Há uma “outra fotografia” que está na sonda Voyager. Vai ficar para sempre no espaço.
Foi uma fotografia que a NASA [agência espacial norte-americana] pediu à National Geographic, que fui eu que tirei mas os direitos de autor eram deles. Mas era uma foto realmente normal que eu tinha tirado num trabalho que estava a fazer no estado de West Virginia. Nem sequer era uma história muito interessante para mim, na verdade até estava a ser um projeto frustrante (suspira). É uma mulher debaixo de uma árvore a varrer folhas. Não é a minha favorita, nem de perto nem de longe, não tem significado nenhum para mim. Eu nunca a mostrei a ninguém nem falei sobre ela durante vinte anos porque tinha vergonha da fotografia! Mas agora penso: não importa se a fotografia é boa ou não, é tão fixe ter uma foto no espaço!
O que acha que tinha essa foto de tão especial para a NASA e que a Jodi não reparou?
O que me explicaram é que a foto serve para, se alguma vez fosse intercetada por outro… hmm… outras pessoas espaciais, não sei bem (risos), para que esses seres entendessem como era a vida na Terra. Houve uma série de fotografias escolhidas e esta, a minha que foi selecionada, servia para explicar em escala o tamanho de um ser humano em comparação com o de uma árvore. E servia também para lhes mostrar como as folhas da árvore mudam de verde para amarelo e para eles verem como depois caíam.
Está muitas vezes envolvida em situações agrestes, que despertam sentimentos de agonia, de frustração e de revolta. Como é que digere essas sensações?
Eu lidei com muitas histórias difíceis: trabalho sexual, trabalho forçado, tráfico humano… Foi uma tragédia atrás da outra. Nunca pensei que pudesse haver tanta maldade no mundo. Eu estive frente a frente com uma pessoa que trafica outros seres humanos. Eu nunca tinha pensado em conhecer alguém que sequer pensasse em fazer algo assim às pessoas que o rodeiam. Isso ensinou-me muito sobre a condição humana. Aprendi que podemos encontrar todo o tipo de gente, mas que não se pode fazer qualquer suposição sobre a pessoa para quem estamos a olhar. Porque não sabemos a situação por detrás dela.
Questiona-se sempre sobre isso no dia-a-dia? Até quando não está em países de terceiro mundo, onde essas situações são mais frequentes?
Eu pergunto-me se a funcionária que trabalha no hotel onde eu fico é livre de sair quando quiser, se tem o passaporte com ela. Pergunto-me sobre quem fez as coisas que eu compro e uso e visto.
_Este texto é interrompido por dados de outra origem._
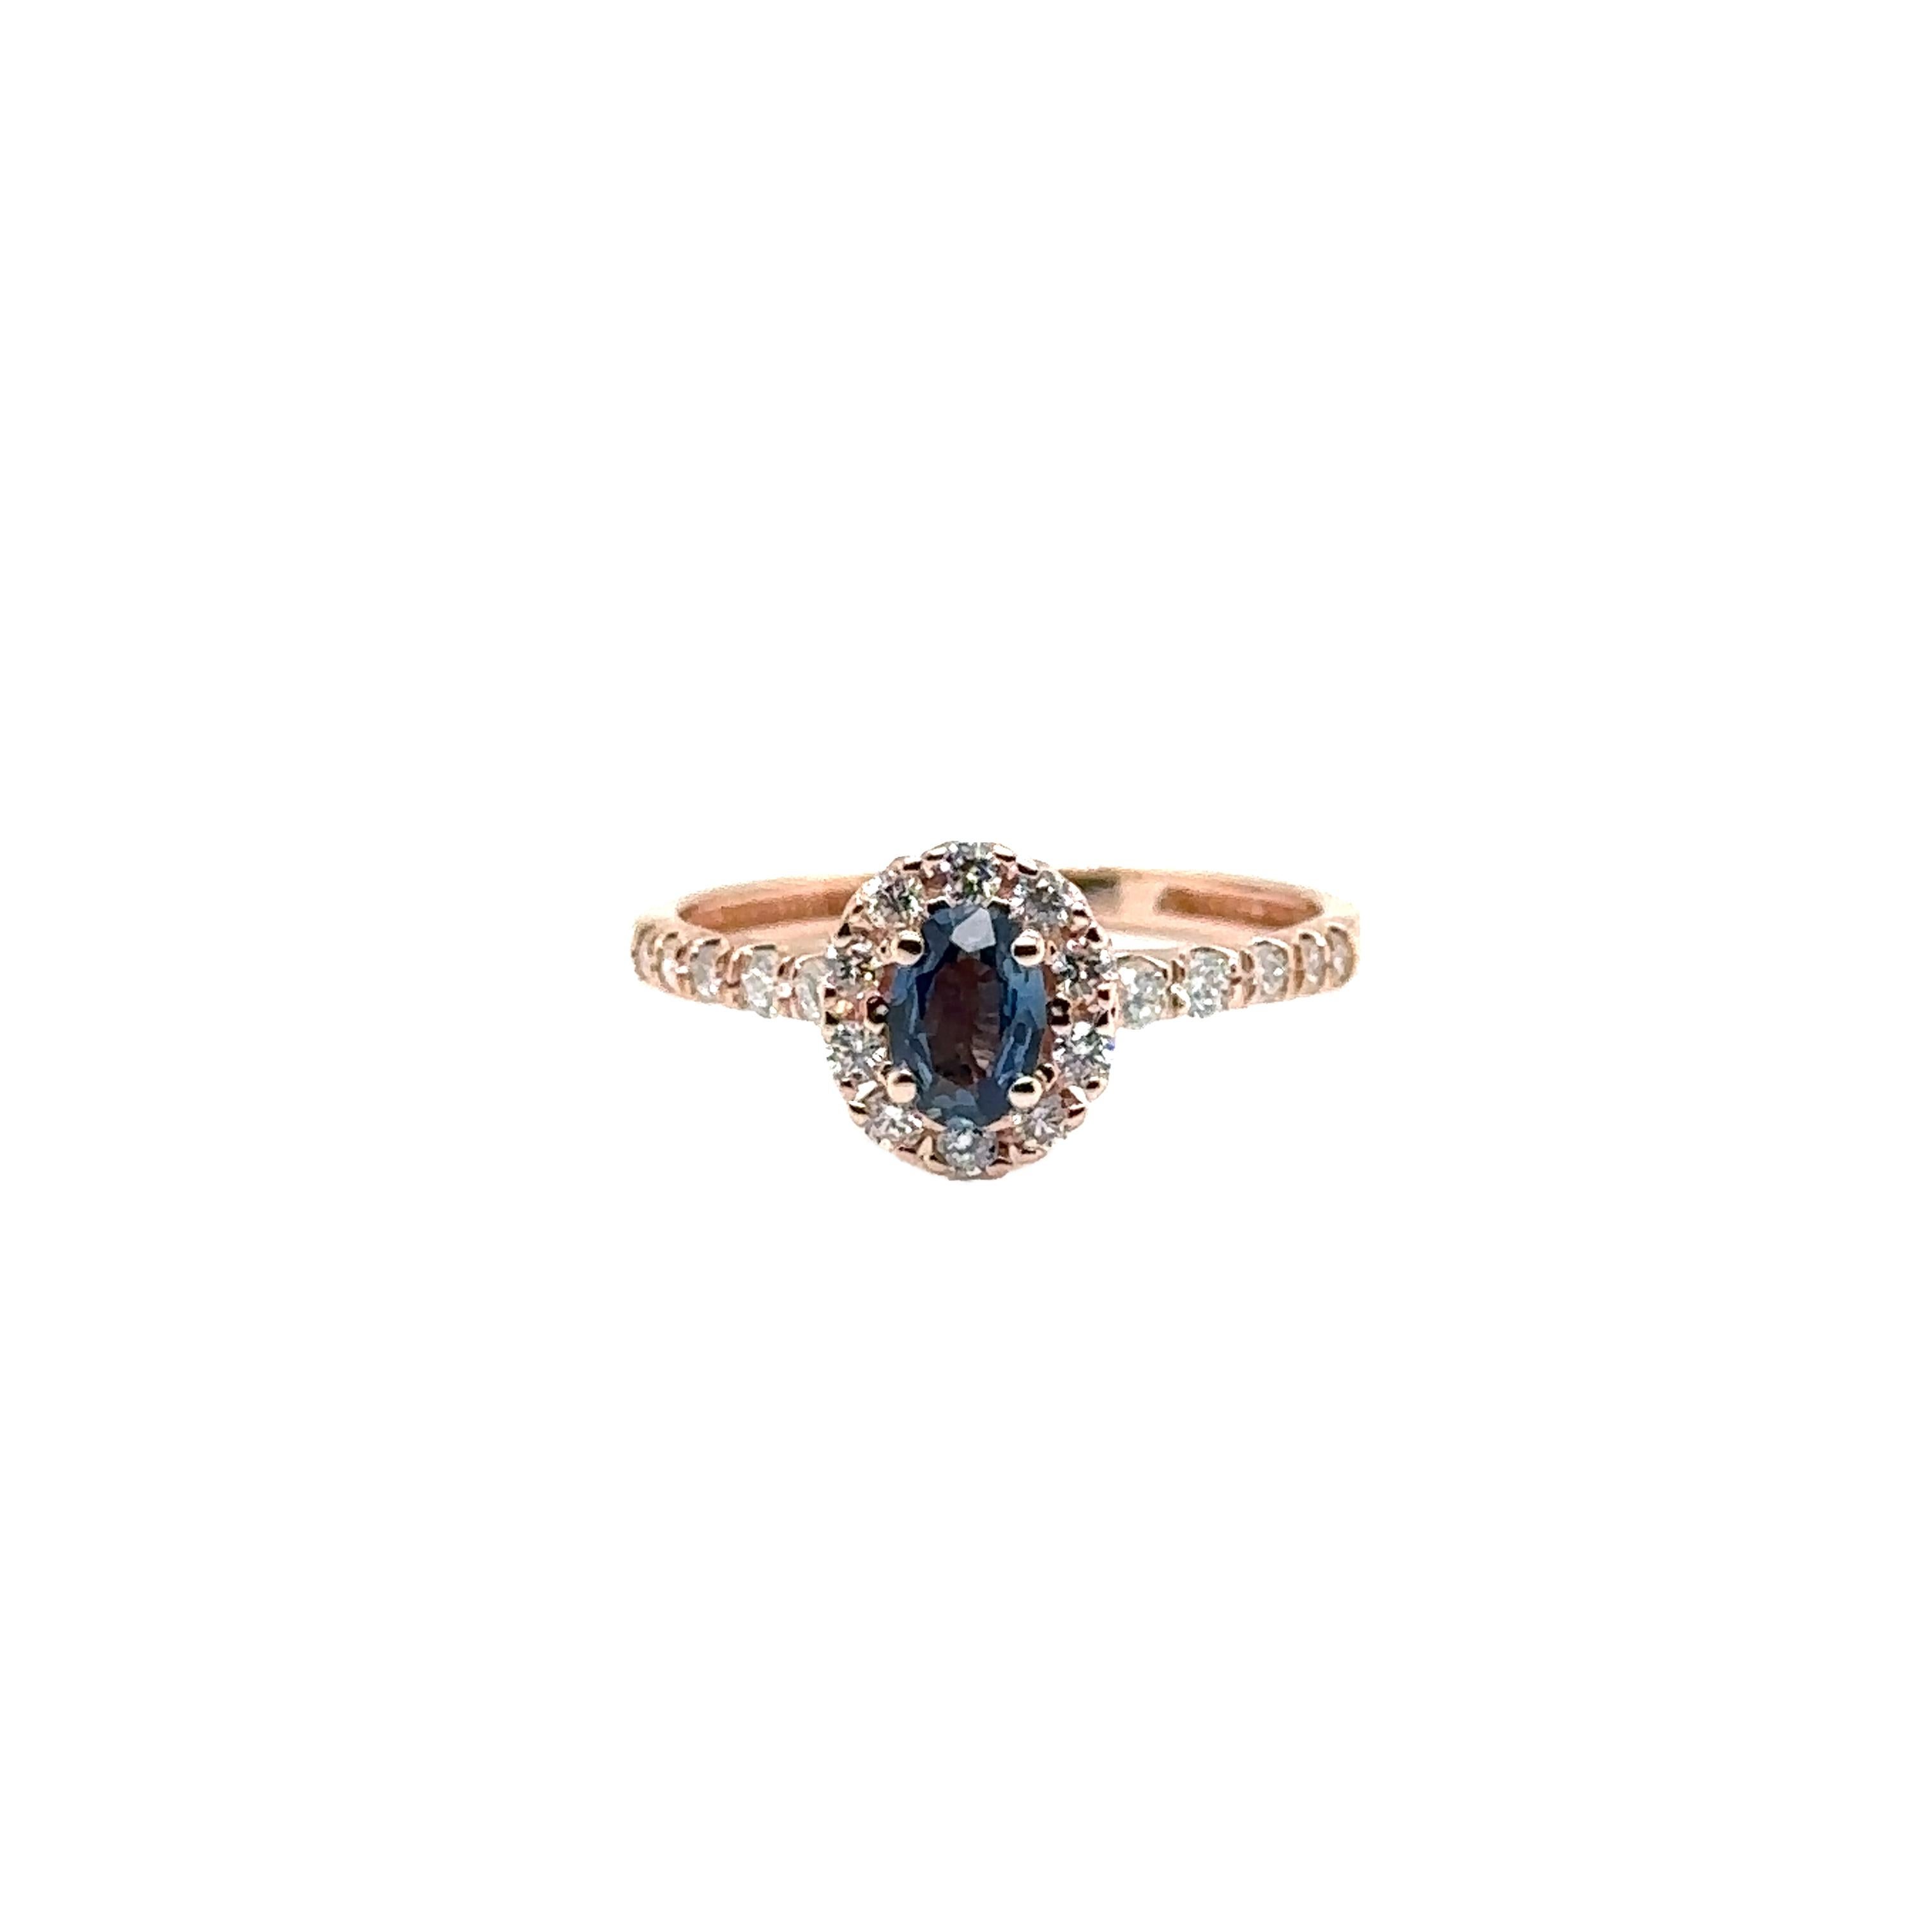 JAS-21-2235 - 14K ROSE GOLD OVAL SAPPHIRE RING with DIAMONDS In New Condition For Sale In New York, NY

Quem está a trabalhar nas fábricas: será que eles são livres de sair? Quem é que lhes paga? Será que lhes pagam e, se não, quem é que ficou com o dinheiro deles? As coisas que às vezes tomamos como garantidas podem às vezes tornar-se o completo contrário. Dou-me conta de que já não podemos confiar em nada. E sim, estas perguntas vêm-me à mente mesmo quando estou em países mais desenvolvidos. Porque nunca tinha visto nada assim. Todos os anos, os Estados Unidos preparam uma lista onde classifica todos os países do mundo em função da escravatura laboral que existe neles e se estão a fazer alguma coisa para combater esse assunto. Portanto, nós sabemos que esses problemas existem em todo o lado. Só que, em alguns lugares, eles são mais visíveis. É chocante.
Mas está a ser feito o suficiente para combater esses problemas?
Bem, todos os países abordam estes assuntos de forma diferente. Não consigo fazer uma generalização sobre as políticas relacionadas com estes problemas. Para ser honesta, nem estou muito informada sobre como os governos estão a reagir a estas questões. Alguns estão provavelmente a trabalhar arduamente em eliminar ou colmatar este problema. Outros é possível que estejam a fazer vista grossa sobre eles.
Isso leva-a a pensar sobre se o ser humano é naturalmente bom?
Ah, não tenho nenhuma teoria sobre isso (risos). Seria melhor conversarmos com a Jane Goodall sobre isso. Acho que nunca filosofei sobre o assunto, fico-me pela profissão de fotógrafa. Embora, claro, tenha de pensar sobre o mundo para exercer a minha profissão. Eu gosto mesmo de fotografar. Adoro tirar fotografias e adoro olhar para elas e tento interpretar as situações para pensar em boas imagens. É isso que me faz ignorar tudo o resto, só quero chegar ao lugar e depois logo se vê o que vai acontecer.
Mas é possível ser completamente imparcial quando se conta histórias como aquelas sobre as quais se debruça?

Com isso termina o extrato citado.